A study published in the journal Advances in Atmospheric Sciences this week confirms the disturbing trend. The oceans have absorbed more than 90 per cent of the excess heat caused by human-induced climate change and are rapidly warming.
‘The oceans are really what tells you how fast the Earth is warming,’ said Prof John Abraham at the University of St Thomas, in Minnesota, US, and one of the team behind the new analysis. ‘Using the oceans, we see a continued, uninterrupted and accelerating warming rate of planet Earth. This is dire news.’
‘We found that 2019 was not only the warmest year on record, it displayed the largest single-year increase of the entire decade, a sobering reminder that human-caused heating of our planet continues unabated,’ said Prof Michael Mann, at Penn State University, US, and another team member.
‘If you look at the ocean heat content, 2019 is by far the hottest, 2018 is second, 2017 is third, 2015 is fourth, and then 2016 is fifth,’ said Kevin E Trenberth, a senior scientist at the National Center for Atmospheric Research and an author on the study.
Measuring the ocean’s temperature is a challenge for scientists. Thermometers on land around the world have tracked temperatures for more than a century, but ocean temperatures are far harder to establish.
The main source for the study was the Argo global network of 3,000 drifting floats equipped with sensors that measure temperature and depth which has been running since 2007. Before that, researchers had to rely on an ad hoc system of ocean temperature measurements. Many of these were taken from the sides of ships and excluded Antarctic waters until the late 1950s.
For the latest study, the researchers overcame some of the gaps in the historical ocean temperature record by an understanding of how a temperature reading in one area relates to ocean temperatures across the ocean overall gleaned from data from the Argo system.

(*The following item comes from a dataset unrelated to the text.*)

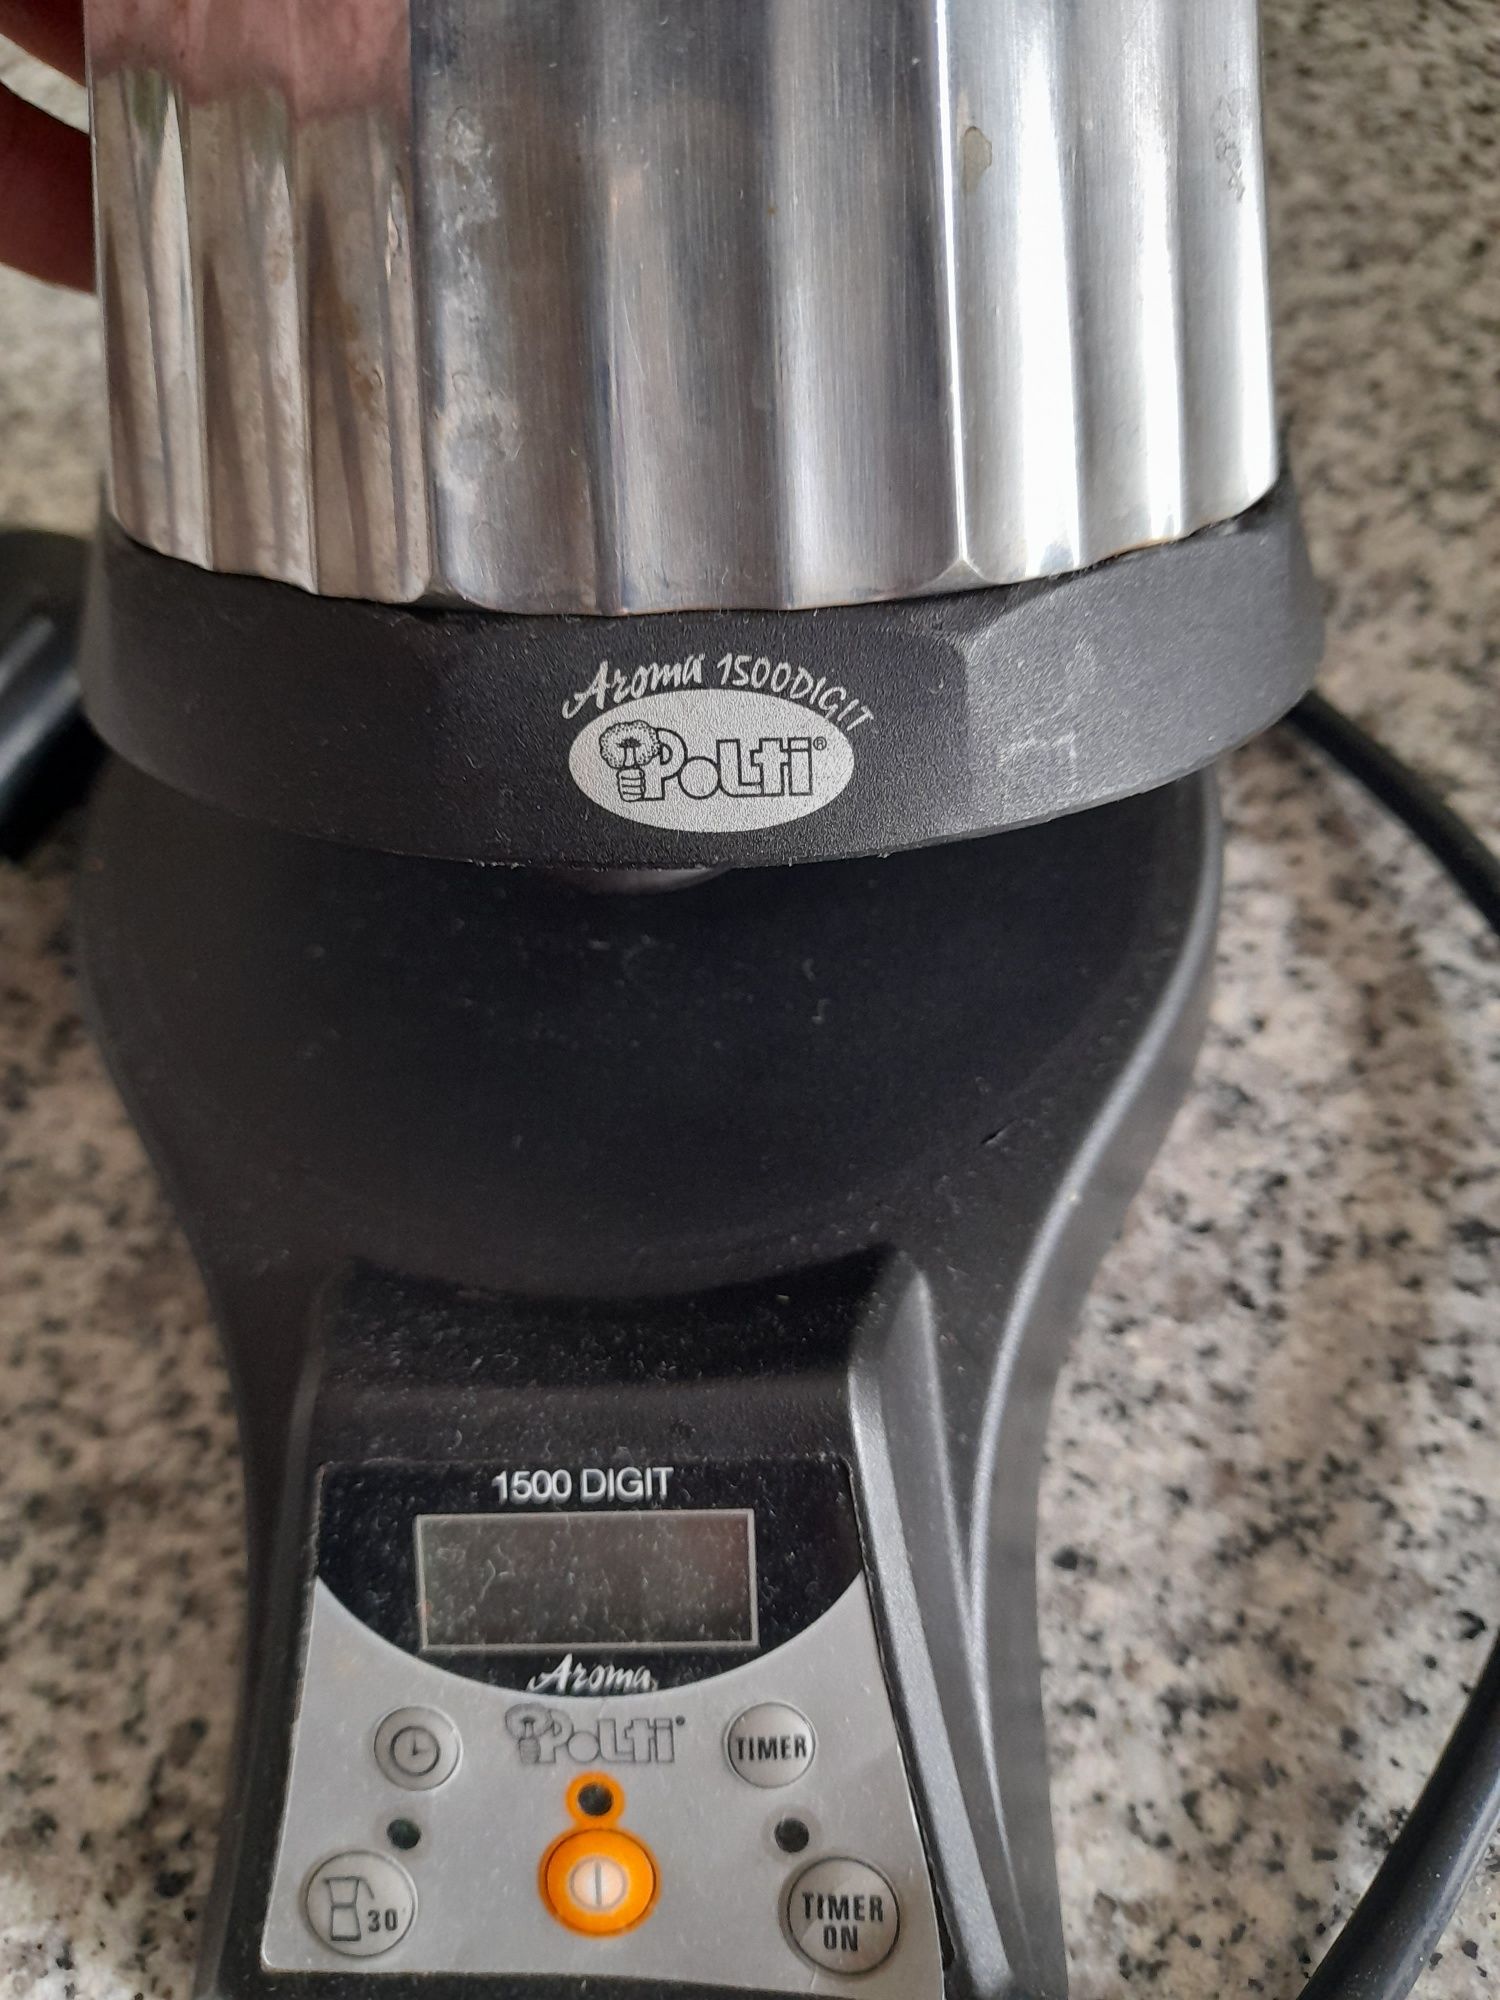 Maquina de café-polti aroma 1500 digit

The new method allowed them to take the limited temperature observations from the pre-Argo era and extrapolate them into a broader understanding of past ocean temperature.

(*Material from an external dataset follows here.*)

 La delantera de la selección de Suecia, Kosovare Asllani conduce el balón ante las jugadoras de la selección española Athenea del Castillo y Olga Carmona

‘What we find is that we can do a global reconstruction back to 1958,’ Trenberth said. That year was when systematic temperature observations began in Antarctica, creating enough temperature points for the extrapolation to be feasible.
The past 10 years have been the warmest 10 on record for global ocean temperatures. The increase between 2018 and 2019 was the largest single-year increase since the early 2000s.
Hotter oceans have led to widespread coral bleaching plus more severe storms, floods, droughts and wildfires, as well as an inexorable rise in sea level.